Suppose you wanted to construct a division where the Yankees win 30% of the time. The authors have it looking like this:
Team ...... prob ... pop .... GBL .. lead ... flag .. stars
Yankees .... 30% ... 7.0 .... 9.0 ... 2.0 ... 1.67 ... 0.36
Team 2 ..... 25% ... 3.5 ... 16.0 ... 1.5 ... 1.20 ... 0.34
Team 3 ..... 15% ... 3.0 ... 18.0 ... 1.0 ... 0.50 ... 0.32
Team 4 ..... 15% ... 2.5 ... 20.0 ... 1.0 ... 0.50 ... 0.32
Team 5 ..... 10% ... 2.0 ... 22.0 ... 0.5 ... 0.45 ... 0.30
Team 6 ...... 5% ... 1.5 ... 25.0 ... 0.2 ... 0.23 ... 0.23
To read the top row of the chart, for the Yankees to have a long-term 30% chance of winning the division (with a population of 7.0 million), they would average 9.0 games behind the leader, they would lead the division by an average 2.0 games throughout the 30% of seasons they win, the time since their last pennant would be 1.67 out of 2, and they would have 0.36 of a superstar on their team.
With their model constructed, the study can go back to its original regression to see how much revenue each team will now have. Totalling up all six teams gives $29,307,095.
That $29.3 million is when the Yankees win 30% of divisions. The maximum revenue occurs when the Yankees actually win 43% of divisions. Here's their chart:
20% ... $28.5 million
30% ... $29.3
40% ... $29.4
50% ... $29.3
60% ... $28.9
70% ... $28.5
80% ... $28.0
90% ... $27.2
100% .. $25.1
Hunt and Lewis write,
"Over the past thirty years, the level of domination achieved by the New York Yankees has been 50 percent, while the that achieved by the Los Angeles/Brooklyn Dodgers has been about 37 percent. The long-run experience is consistent with the predicions implied by the experiments, indicating that the recontracting market [where players are sold from small market teams to the Yankees and Dodgers] operates reasonably well over the long run."From an economic standpoint, what the authors are saying is this: as predicted by the Coase Theorem, players will go where they can earn the most revenue for a team. Since a superstar makes a lot more money for the Yankees than he would on the Brewers, the Brewers should be selling players to the Yankees so as to maximize both teams' revenues, but only until the Yankees are good enough to win the division 43% of the time. And the study supports the idea that this happens.
But I don't think the technique is strong enough to support the conclusions. Notice that the revenue estimates are very close – the 30% figure is only 3% higher than the 70% figure. Are the regressions, based on a small amount of data as they are, reliable enough that we can trust the results within 3%? I think it's obvious that we cannot.

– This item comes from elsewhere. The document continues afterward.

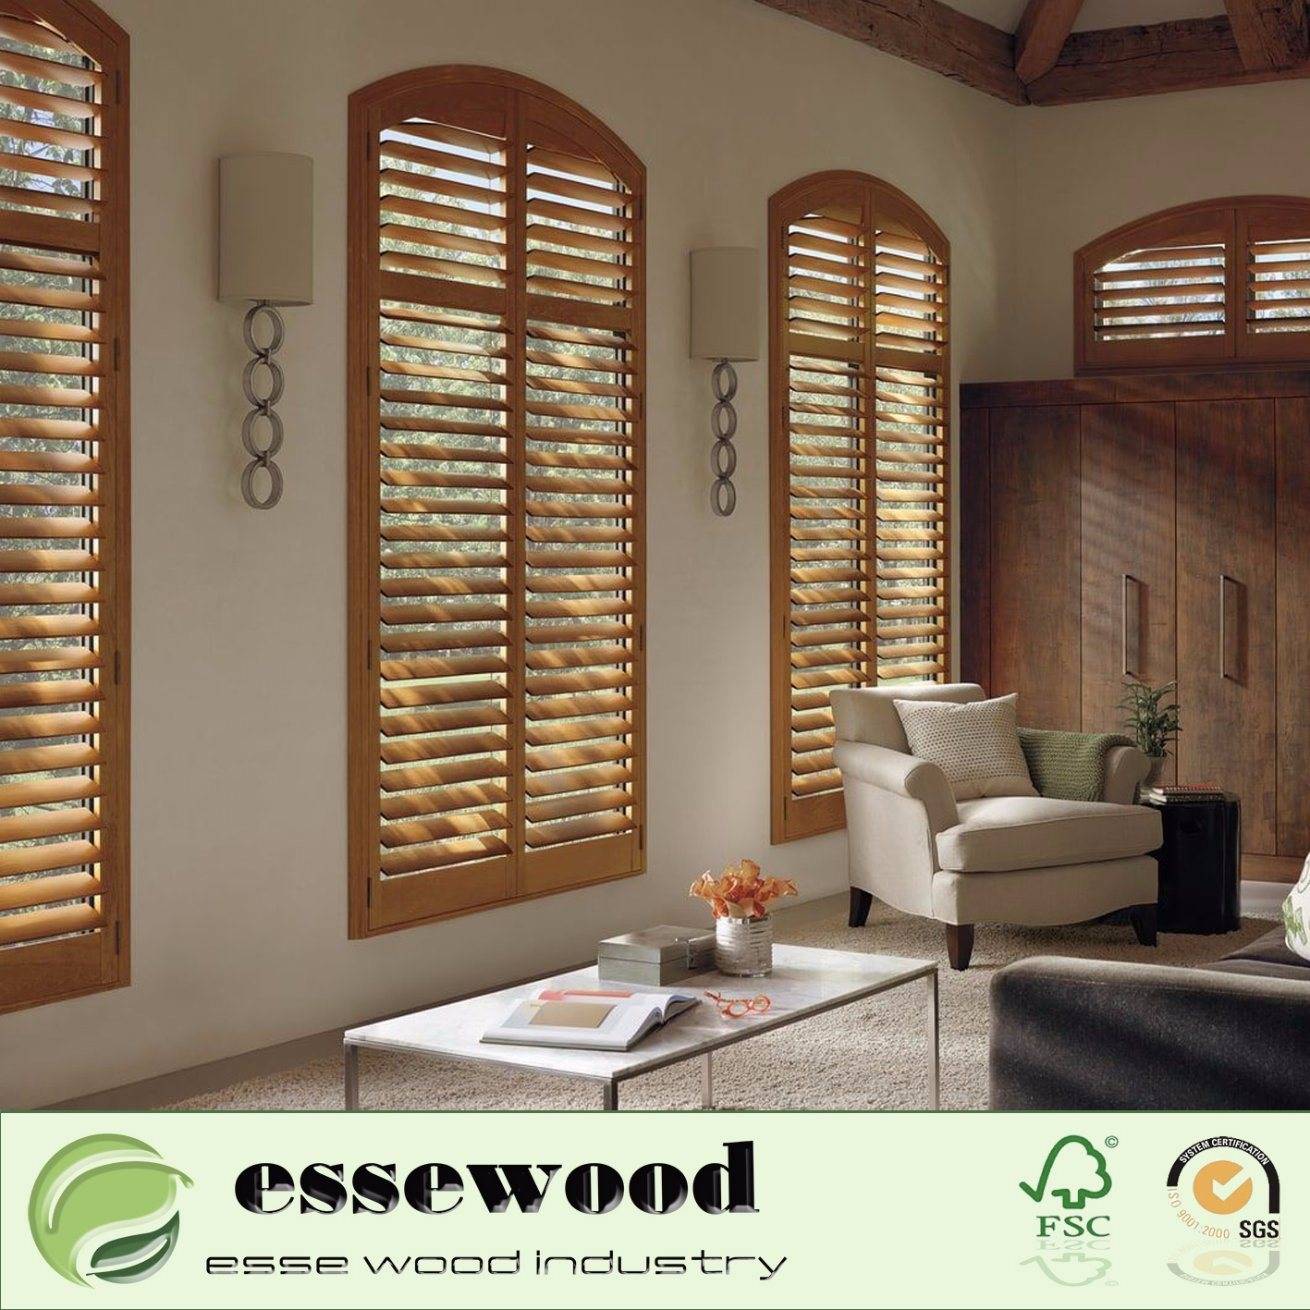 Ставни для окон на даче декоративные и защитные, внешние и внутренние, металлические, пластиковые и деревянные варианты

And some of the regression variables seem arbitrary – for instance, the dummy variable for pennants is set to 2 if the team won in the past four years, and 1 if they won within the past nine years. Is that really what we'd expect? What if teams that haven't won in a long time – say, the Cubs and Red Sox – generate attendance *because* of that? And why should the *average* number of games ahead matter? Won't a close race attract more fans than a runaway championship?
Generally, my gut says that if you changed the variables used and the experiment even a little bit, you'd get substantially different results.
My feeling is that the method behind this paper is reasonable, and if you had perfect data, it might work. But I'd bet that you'd need so much data, and there are so many unknown variables driving attendance and revenues, that even doing the best you can, with the best information available – as Hunt and Lewis did – just isn't going to be enough.